Apparently speculators were spooked when a faction of the cryptocurrency community scrapped plans to increase bitcoin’s block size, preventing it from moving unessential data off its underlying blockchain thereby allowing mermaids to grow legs while red dogs performed cartwheels and the moon deflated.
What worries me is this talk of a faction. Are they rebels? How powerful are they? Who are they? What weapons do they have? My financial advisor said they’re probably just a bunch of fat boys lolling on futons in their parents’ basements pecking at their keyboards with one hand and masturbating with the other. He said there was nothing to worry about. He’s never been right before so I don’t know why he would be now.
It gets even more complicated. When bitcoin cash flounced out on her own, shares in companies that make graphics cards used in the mining of digital coins were dragged down along with bitcoin’s sorry hungover ass.
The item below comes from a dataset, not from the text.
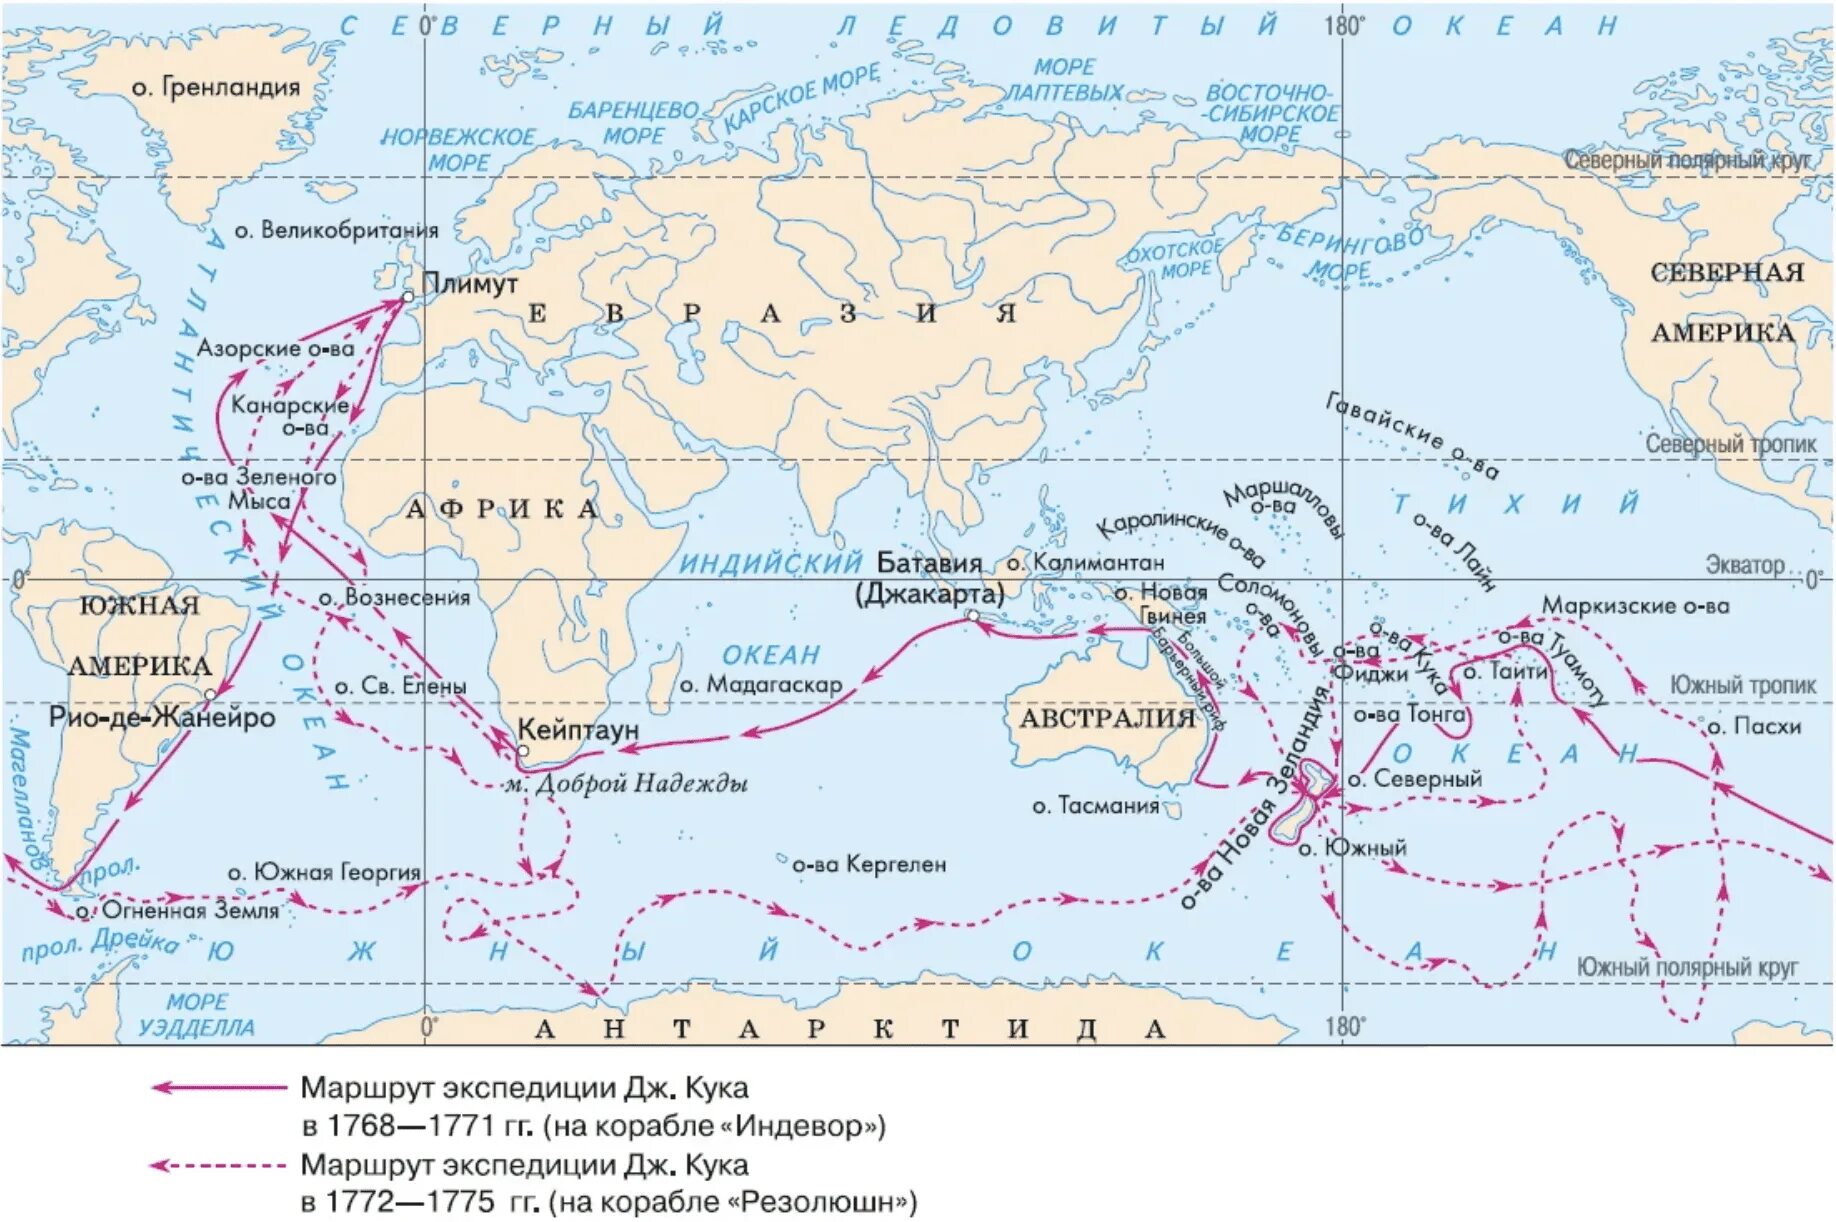 Второй кругосветное путешествие. Путешествие Джеймса Кука 1768 на карте. Маршрут экспедиции Джеймса Кука на карте. Маршрут Джеймса Кука на карте 1768-1771.

So much in this sentence doesn’t make sense. Mining? It’s like expecting us to believe that Snow White never once slept with the dwarf who kept finding the biggest diamonds. Mining is a filthy business at the best of times.
And it’s no good turning to Wikipedia for enlightenment, either. The oracle of the indolent says bitcoin was invented by someone called Satoshi Nakamoto who might or might not exist. And down the rabbit hole we go.
“Bitcoin was released as open-source software in 2009 and is peer-to-peer.” There was this one time I surfed a wave from Bay pier to Snake Park pier and it ended badly. I’m not saying that investing in bitcoin will end with metaphorical fishing line wrapped around your throat, but I’m not not saying it either.
The nice thing about bitcoins, apart from them being sexy golden unicorns, is that you don’t have to buy a whole one. Like you can get a mutton bunny in a half or a quarter, so you can buy a millibitcoin or, if you’re not so hungry, you can get a satoshi to take away. A satoshi is one hundred millionth of a bitcoin. If you bought one for twenty cents eight years ago, you could buy a Ferrari today.
Happy flagellating.
Bitcoin se ma se blockchain
19
Nov
I feel your pain. I was offered “an exclusive IN” to Bitcoin about eight or so years ago. I didn’t believe that it was real and told my friend to take a hike! Today he lives on Malta in a million Euro villa and I’m in a flat with a bond! Sometimes we’re just too damned clever for our own good! I’m off to flagellate. No peeping!
Thanks for clearing all of this up for me, and if you’d be kind enough to explain to myself, and all other Luddites, how to unlock my Nokia 3310?
Yes, I’ve just become interested in bitcoin and am doing my best to get all the poop I can on this chain they keep referring to.